The pretraining was done on the [UrbanSound8K dataset](https://urbansounddataset.weebly.com/urbansound8k.html).  This contains more than 8000 examples up to 4 seconds long of sound from 10 different classes (children playing, dogs barking among others). Our hope is that the network has learnt some general audio-features from the spetrogram, that we can use to distinguish between two classes of sound of your choice.  

### Create dataset
First we create or own dataset as basis for training. The below cell will start a recording process where you first record $n$ examples of the first class, followed by $n$ examples of the second class.
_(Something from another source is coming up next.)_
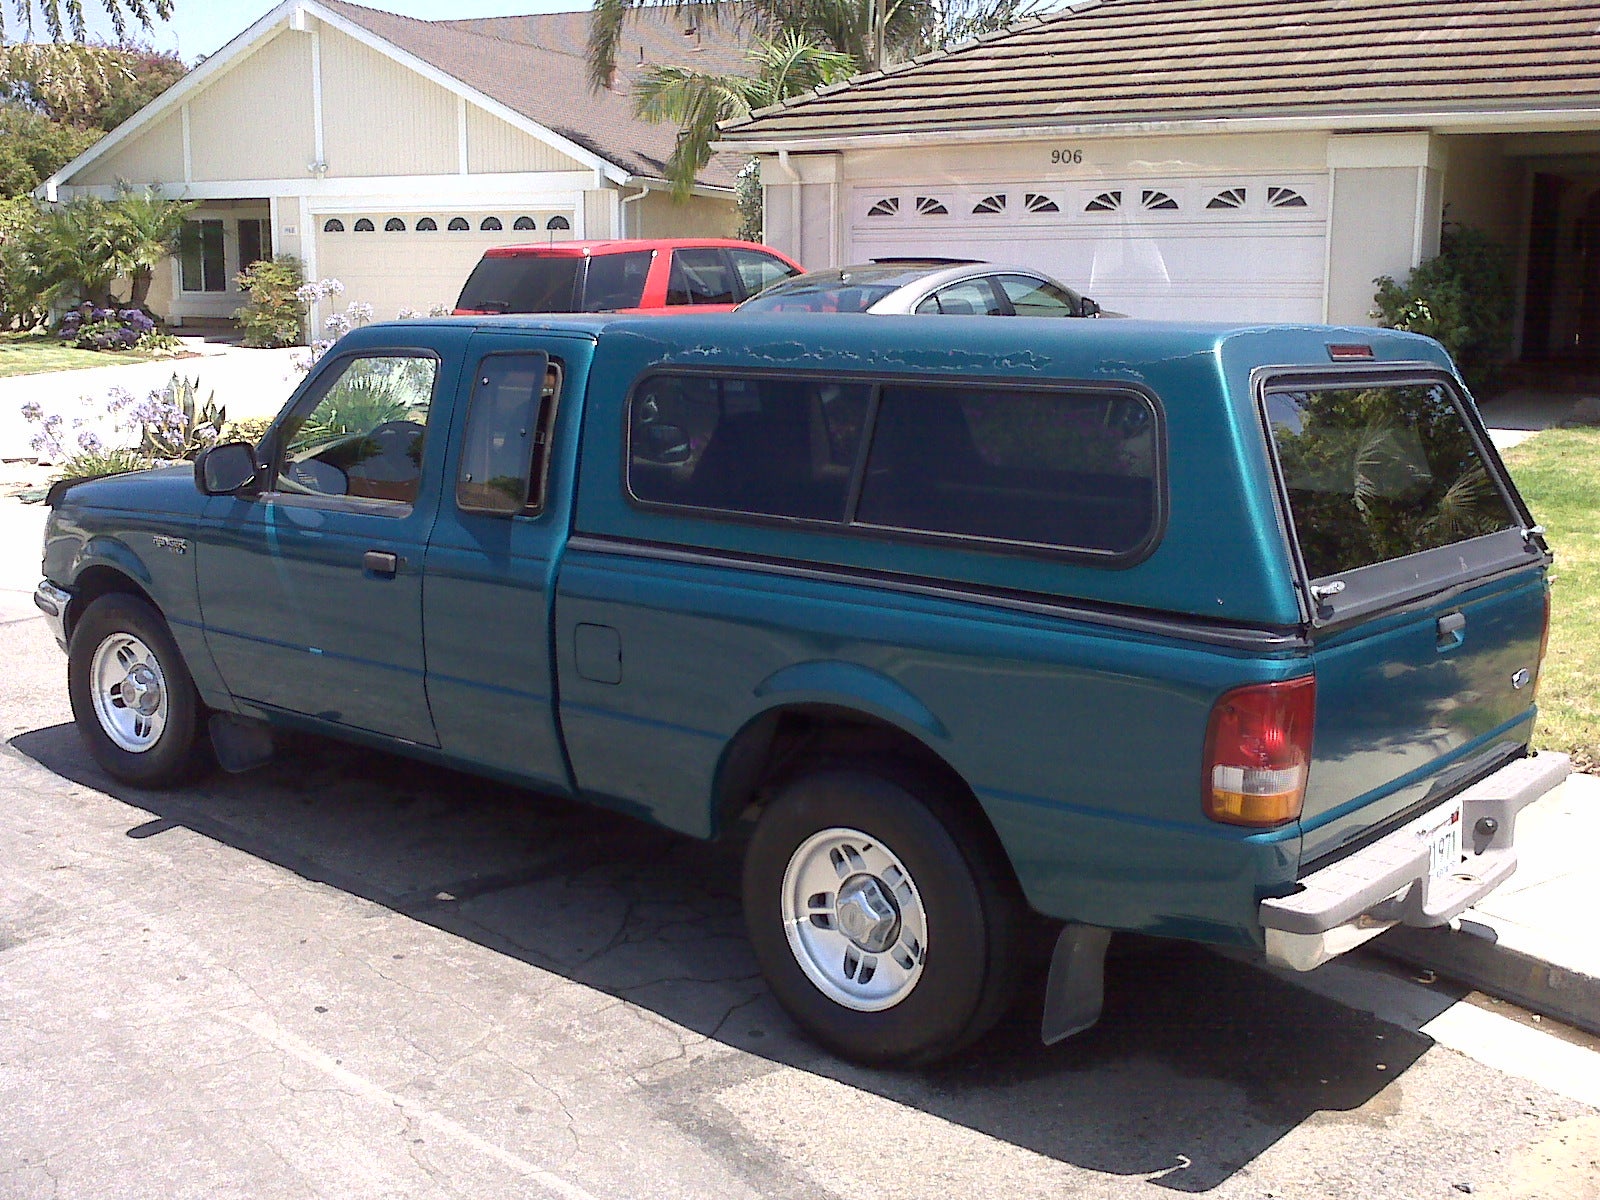 1995 Ford ranger extended cab wheelbase #1

Whenever a recording is finished the next one starts immediately after.  

Things to keep in mind
- You can decide to just make the sound of class 0 throughout the recording time for class 0, or you can try to match exactly one example of this sound for each recording. Whatever you choose, make sure to do the same for the second class. What do you think will happen if there is a lot of silence in class 0 recordings, but not in class 1 recordings?
- How many examples do we need in each class in order to get a good classifier?
- How will background noise affect performance?
- What happens (should happen) at test-time if sounds from both classes are present in a recording?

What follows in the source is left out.